Dongara might not be far up the road, but with the late start and delays along the way it was close to lunchtime when we arrived there, and without alternatives before Geraldton, we decided this was the place for a meal. We'd had nothing more than a nibble at breakfast and weren't sure about dinner, so after finding a park and taking the obligatory visit to the local Information Centre to gather the latest Wildflower Intelligence, we lunched at a pleasant little Asian coffee shop.

A green chicken curry and rice and a pad thai (Madam's almost invariable selection in such circumstances) provided the wherewithal to keep us going in the afternoon.

We could possibly have ventured further afield in search of wildflowers, but the morning's efforts had largely satisfied Madam's photographic urges and we were in Geraldton in time to book in to the night's accommodation and make it over to the Information Centre before it shut at four.

Actually, we probably didn't really need to head that way, since checking in at the accommodation revealed that the manager had been in the job for a week, and his previous job had involved managing the Information Centre. He's provided us with a printout of the latest bulletin they'd put together at the Information Centre, and the girls at the Centre didn't give us much new and vital information, apart from another copy of the bulletin.

We did, however, need to be in the area to pick up dinner supplies for Sunday night and scope out the dinner possibilities for Saturday night. There wasn't anything that reached out and grabbed us by the throat as we strolled around the Front Beach and we retreated to the unit resigned to the inevitability of fish and chips for dinner.

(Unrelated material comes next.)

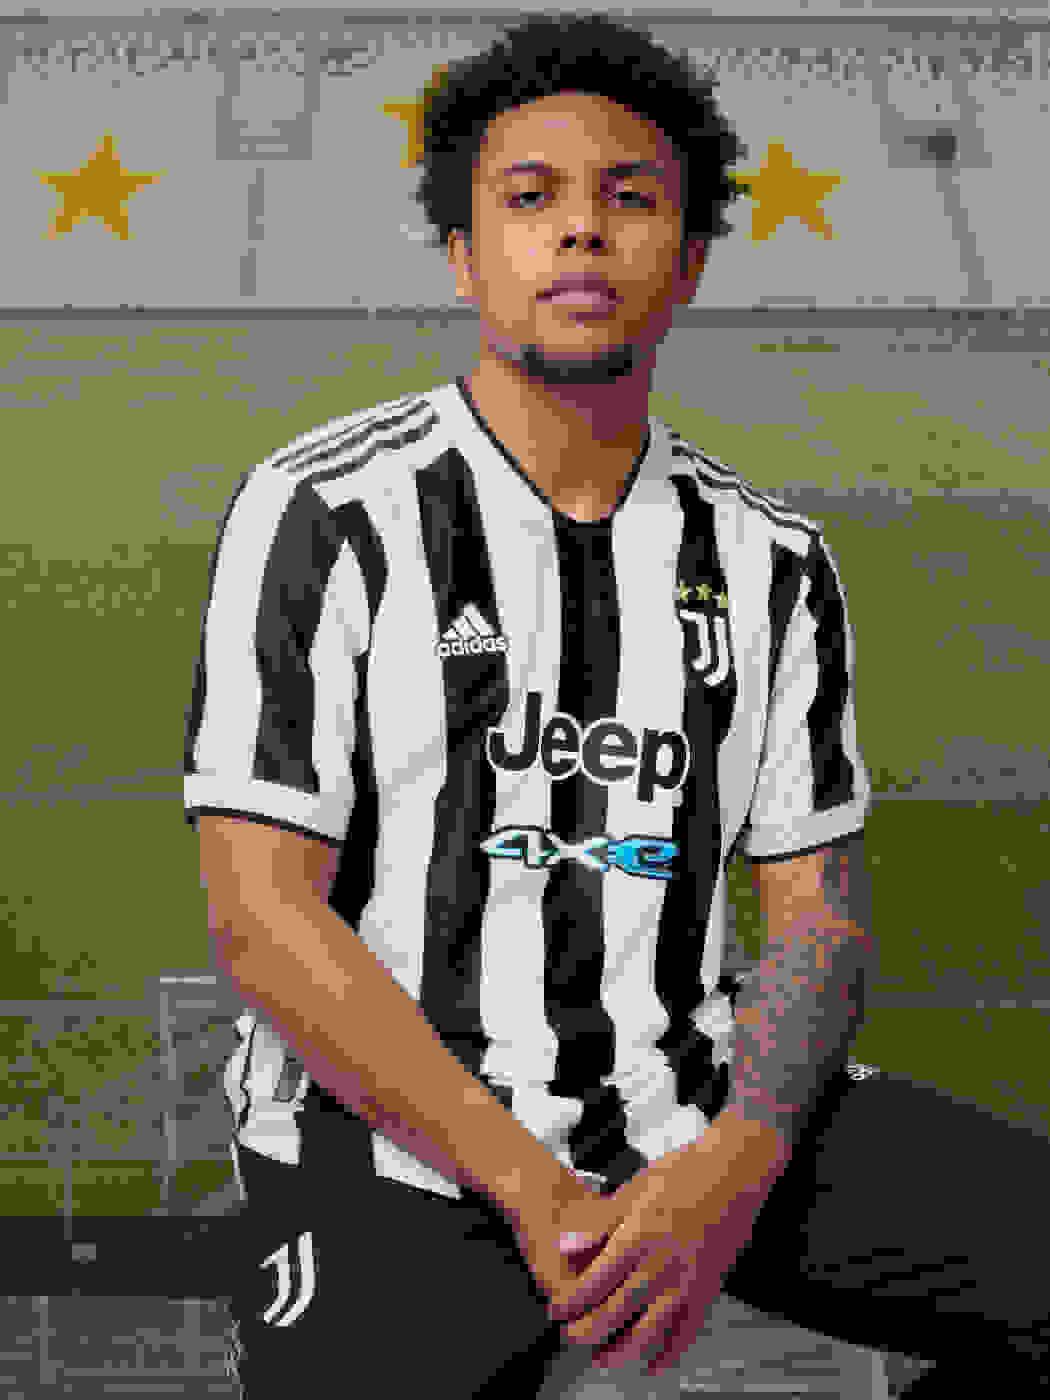 Male Player wearing Juventus Home Jersey
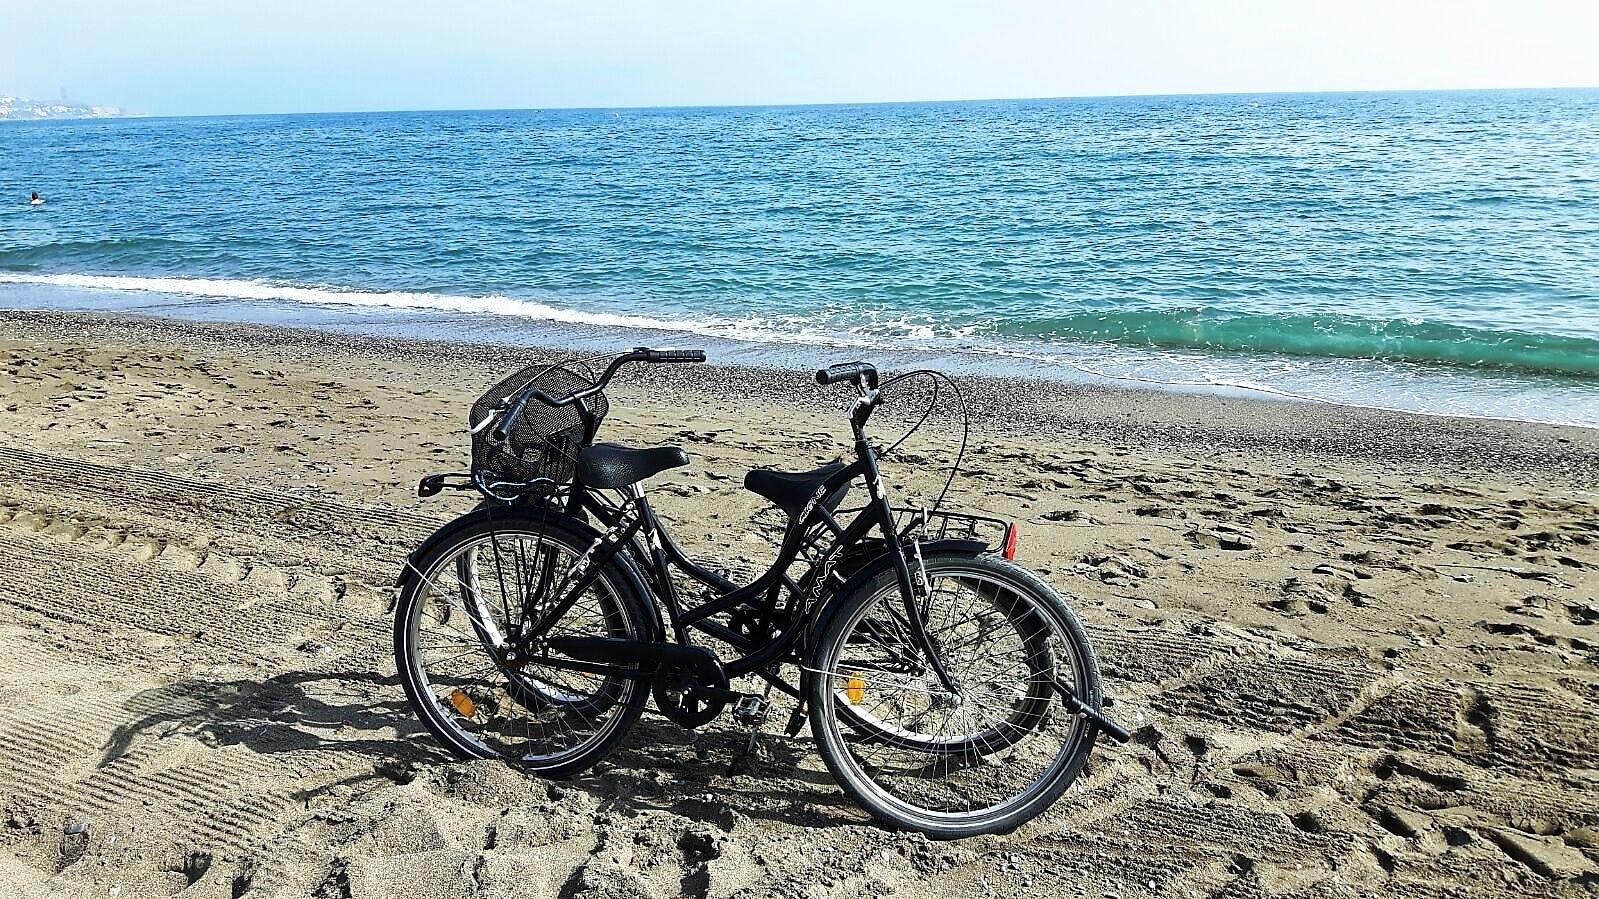 Alquilar una bicicleta Malaga - wwwebikemalaga.es.jpg

We'd also need something to go with the deep fried staple, and the fact that it was already after five and the Woolworths Liquor outlet I'd spotted en route was closed threw a spanner in the works, but once the wonders of Google had revealed a conveniently located and highly rated fish and chippery (Chis and Fips) and pointed out a Thirsty Camel we had the wherewithal to fuel an evening's catching up on writing, watching the election results (for as long as I could stand it) and a lengthy spell of deep slumber before we set out on the Wildflower Trail again in the morning.